Miracles and Mysteries


(This is an excerpt from the book Refuge and Reality: The Blessings of the Temple by Elder John H. Groberg.)

Quite often a certain bishop came to the temple with his ward members for a chapel meeting and endowment session. One evening he asked if we could visit for a moment. He wanted to know the various possibilities and requirements for members of his ward to become ordinance workers or to serve in other ways in the temple.

I described the various opportunities and asked what motivated his query. He replied, “You came to our stake conference some time ago and promised us that if we made the temple a bigger part of our lives, we would receive more blessings. You said that in your opinion going to the temple once a month may have been fine a few generations ago, but with the increased presence and sophistication of evil and temptations in our day, we need extra fortification and should seriously consider attending the temple every week if our circumstances allow.”

He went on, “When I heard that, I gulped and reasoned that with my busy schedule there was no way I could do that. However, something stirred within me, and I thought to myself, Well, at least I could try. At that very moment I felt a nudge and a smile from my wife. After conference we decided to do whatever we could to make the temple a bigger part of our lives.

“I had been serving as bishop for about two years and felt I had dealt with about every challenge possible. I was wrong. New ones kept coming. With all the interviews, interventions, activities, meetings, funerals, etc., I couldn’t see how we could get to the temple more often, but we said we would try, so we did.

“I started delegating more, combining some meetings, and trying to make more efficient use of time. Before long I found myself in the temple nearly every week. I cannot explain what happened or how it happened, but six months later at our next stake conference, I realized that despite my spending extra time in the temple, everything was going better—in my family, my work, and my ward. Since this increased temple activity was helping me and my wife so much, I was sure it would do the same for my ward members.

“Over the next six months I did a lot of encouraging and by the time our next stake conference came, many ward members were attending the temple more regularly. I was careful not to assign or keep track but only encourage and tell of my experience and let each individual or couple do what they could. The members who made the temple a bigger part of their lives experienced the same blessings we did, so they encouraged their friends to do the same.

“I have now served as bishop for four years. During the first two, I was buried in challenges; the next one was still filled with challenges but seemed to go better; this last year has gone even better. I know it is because of the increased temple activity of the members. Many miracles have occurred in our ward. Let me tell you just one.

“Brother and Sister Smith both worked for the school district. When Sister Smith retired, she became an ordinance worker and hoped that when her husband retired, he would do the same. When he did retire, however, he told her he had worked long enough and had missed so much fishing and hunting that he was now going to make up for lost time.

“At about this time, one of their older daughters returned home to live with them.
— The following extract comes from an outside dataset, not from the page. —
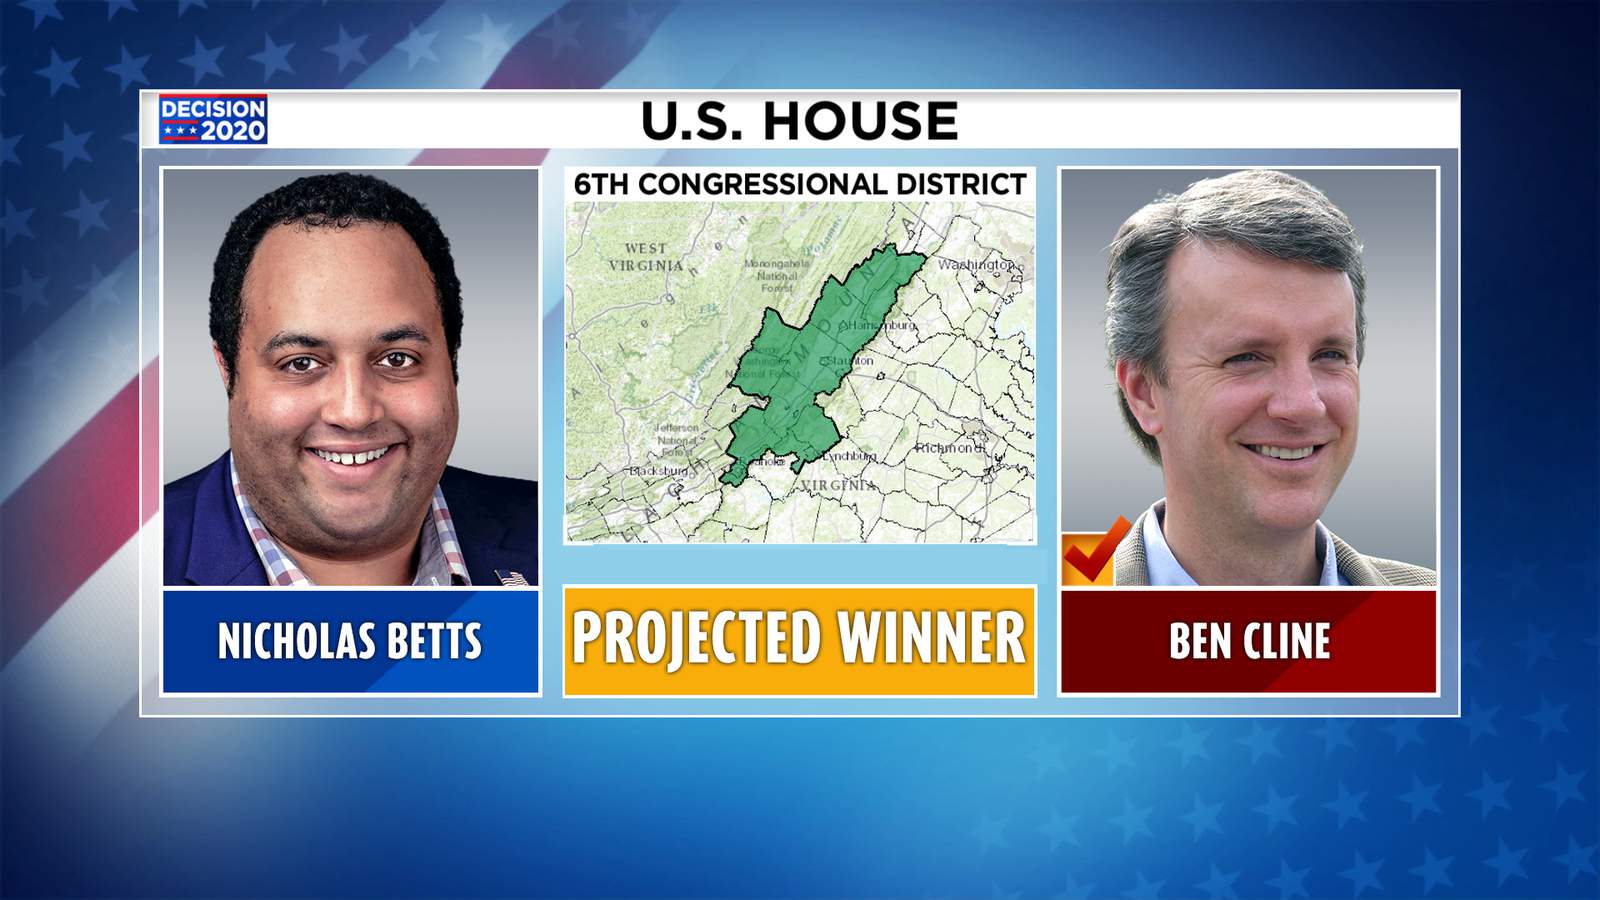 Ben Cline projected to win reelection in Virginia’s 6th Congressional District, according to NBC News
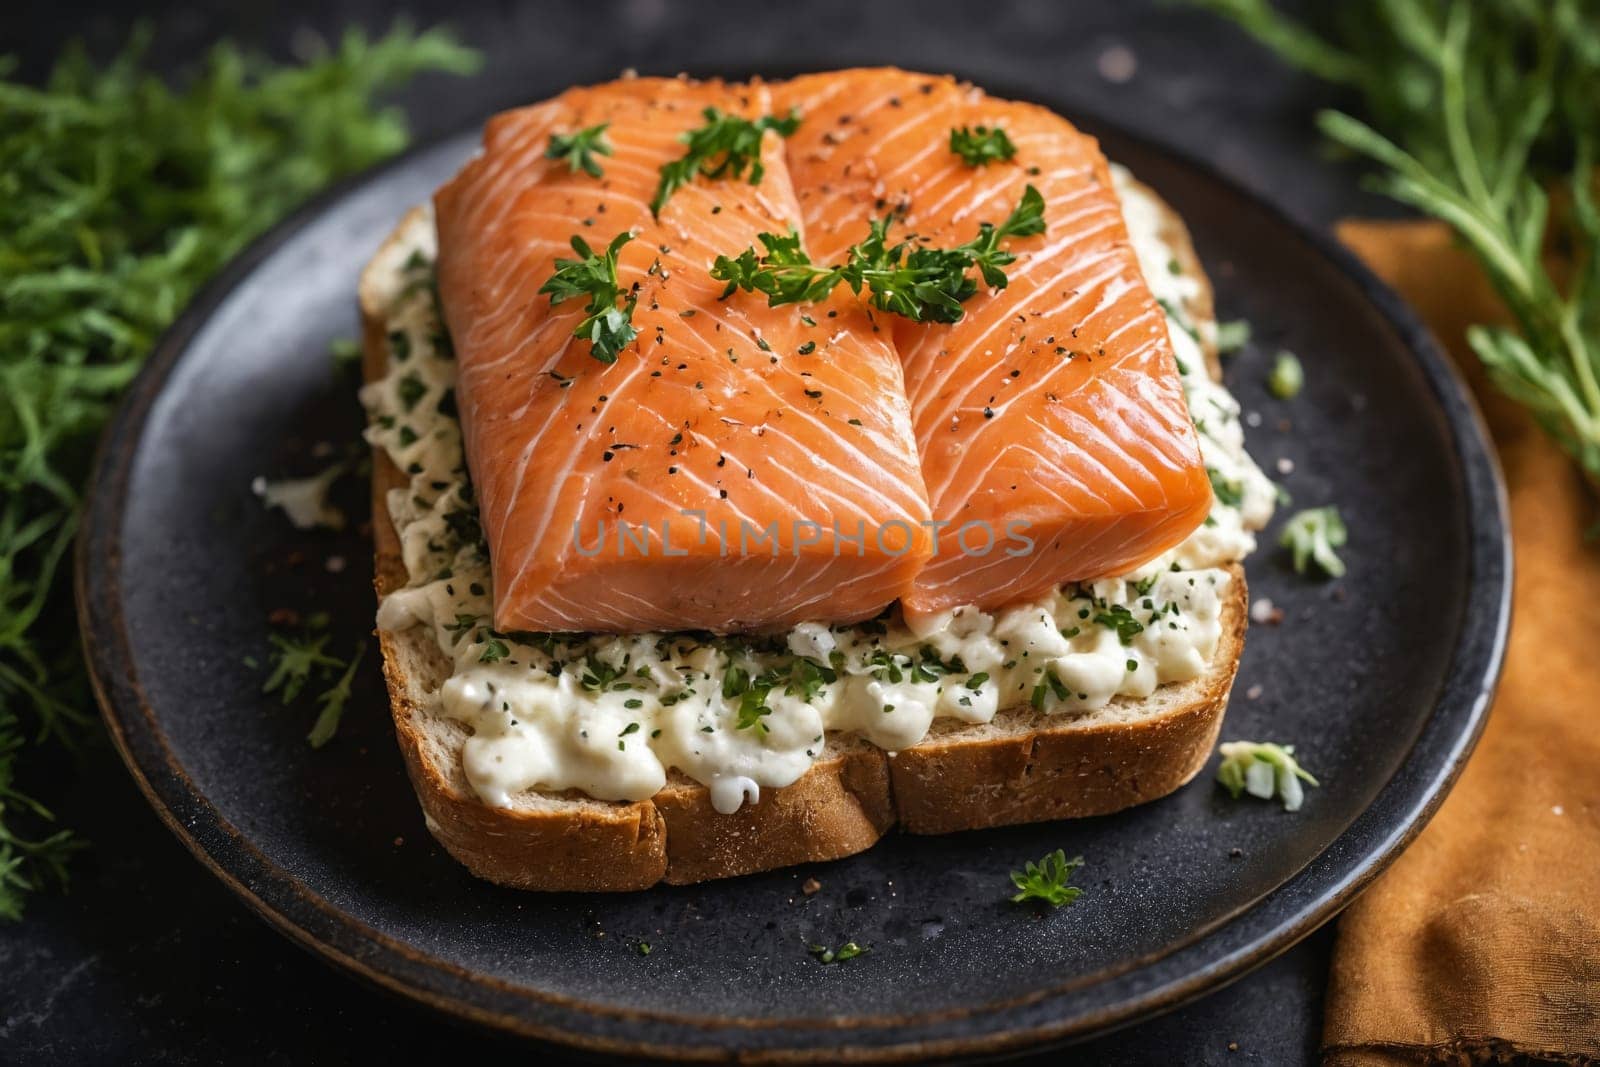 Fresh Herbed Cream Cheese and Smoked Salmon Delight by Andre1ns

She noticed how happy her mother was from working in the temple, so she also became a temple worker. They hoped and prayed that their husband and father would join them some day. He supported them in their callings but continued to hunt and fish and do the things he felt he had ‘earned the right to do.’

“One Sunday after dinner, they gathered the dishes to the kitchen, and the father announced that while the girls finished the dishes he was going to the living room to read the newspaper. Even though he loved his wife and daughter and knew of their goodness and of their desire for him to become a temple worker, he stubbornly said he was going to continue his hunting and fishing.

“He sat down, picked up the paper, and began to read. A feeling of calm came over him that he could only describe as a miracle. He had left the kitchen wanting to read the paper and not even think about becoming a temple worker. Now suddenly, he had lost all interest in the paper and was sure he should become a temple worker. He stood up, returned to the kitchen, and said, ‘When I left a few moments ago, I didn’t want to be a temple ordinance worker. Now, that is all I want to be. What do I need to do to make that happen?’ You can imagine the joy and tears that followed.

“There have been many similar experiences in our ward since the members have been making the temple a bigger part of their lives.

“We still have a full complement of challenges, including people out of work, funerals, concerns with our youth, and other challenges, but somehow, everything is better. How does that happen?”

I said I didn’t know for sure, but I did know that the Lord always keeps His promises. Since His prophet has promised that everyone who worthily enters the temple will come out a better person, that is what happens.1 Those who voluntarily go to the temple more often become better people, so everything else about their life becomes better also.


1. “Excerpts from Recent Addresses of President Gordon B. Hinckley,” Ensign, April 1996, 72.